Амалия не стеснялась напоминать Кристофу это свое мнение. Как только Кристоф оказывался рядом, г-жа Фогель под любым предлогом заговаривала о соседке, стараясь побольней уязвить Кристофа; а так как глаза и язык ее были беспощадны, то она не особенно затруднялась в подыскании соответствующих фактов и выражений. С безжалостным чутьем женщины, которая оставила далеко позади мужчину в искусстве причинять боль, равно как и творить добро, Амалия не столько распространялась о лености и прочих нравственных недостатках Сабины, сколько упирала на ее нечистоплотность. Ее нескромное око соглядатая в поисках доказательств проникало сквозь закрытые ставни, выслеживало Сабину в спальне; она без стеснения оглашала женские секреты и наслаждалась грубой откровенностью своих наблюдений. А когда приличие не позволяло сказать всего, Амалия прибегала к многозначительным намекам.
Кристоф бледнел от стыда и ярости, он становился белым, как бумага, губы у него тряслись.
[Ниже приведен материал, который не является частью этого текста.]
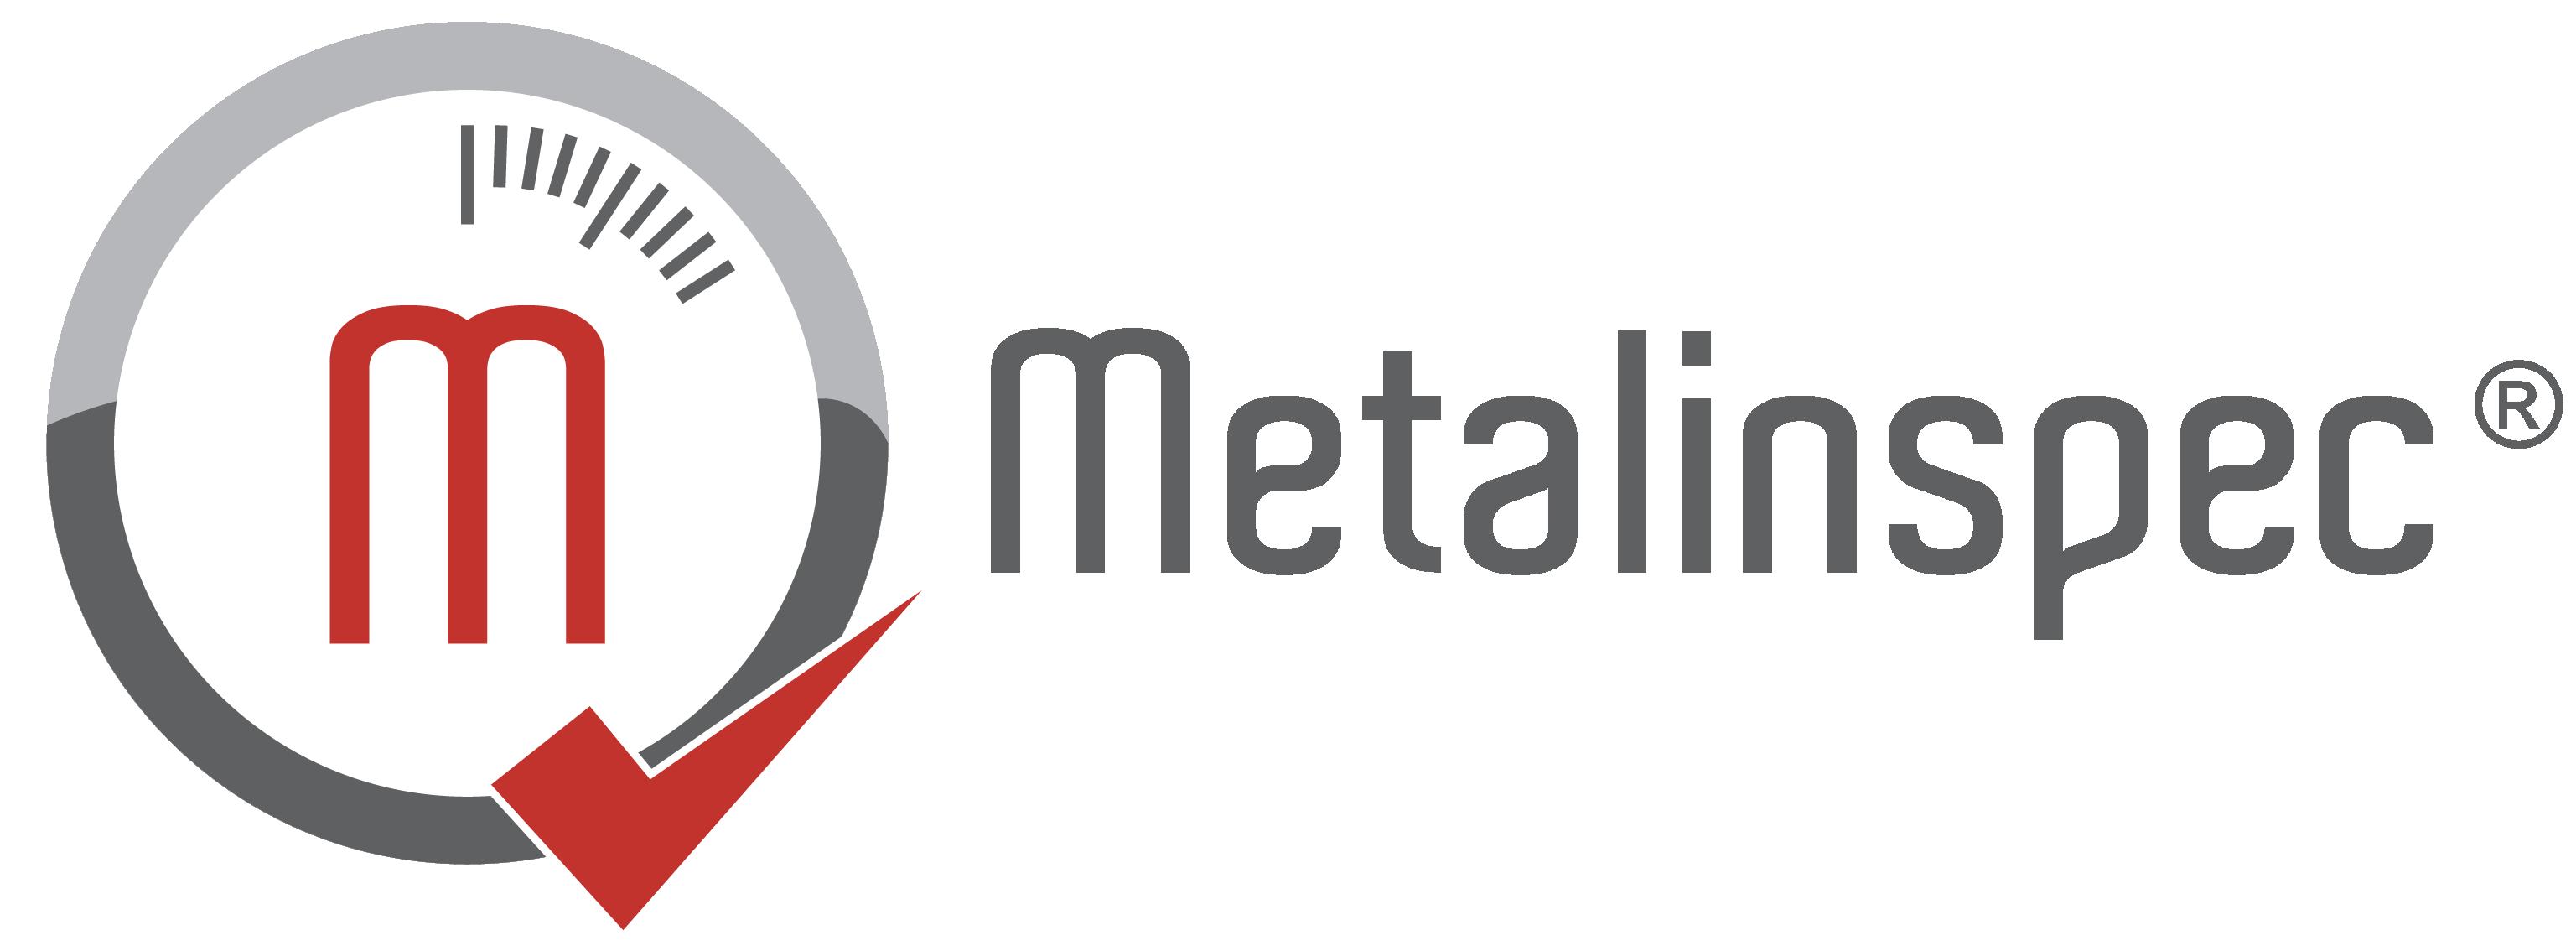 Metalinspec Logo

Роза, предвидя, что воспоследует, умоляла Амалию замолчать, даже становилась на сторону Сабины. Но слова дочери распаляли г-жу Фогель.
Обычно кончалось тем, что Кристоф, как бешеный, вскакивал со стула, молотил кулаками по столу и кричал, что подло так говорить о женщине, подло шпионить за нею, смеяться над ее бедностью; только злобный человек может так ополчиться на прелестное, доброе, безобидное создание, живущее в стороне от всех, никому не причиняющее зла, ни о ком не злословящее. И вообще зря стараются, пусть не воображают, что можно повредить Сабине в чьем-либо мнении, напротив, так она еще милее, еще лучше видишь ее доброту.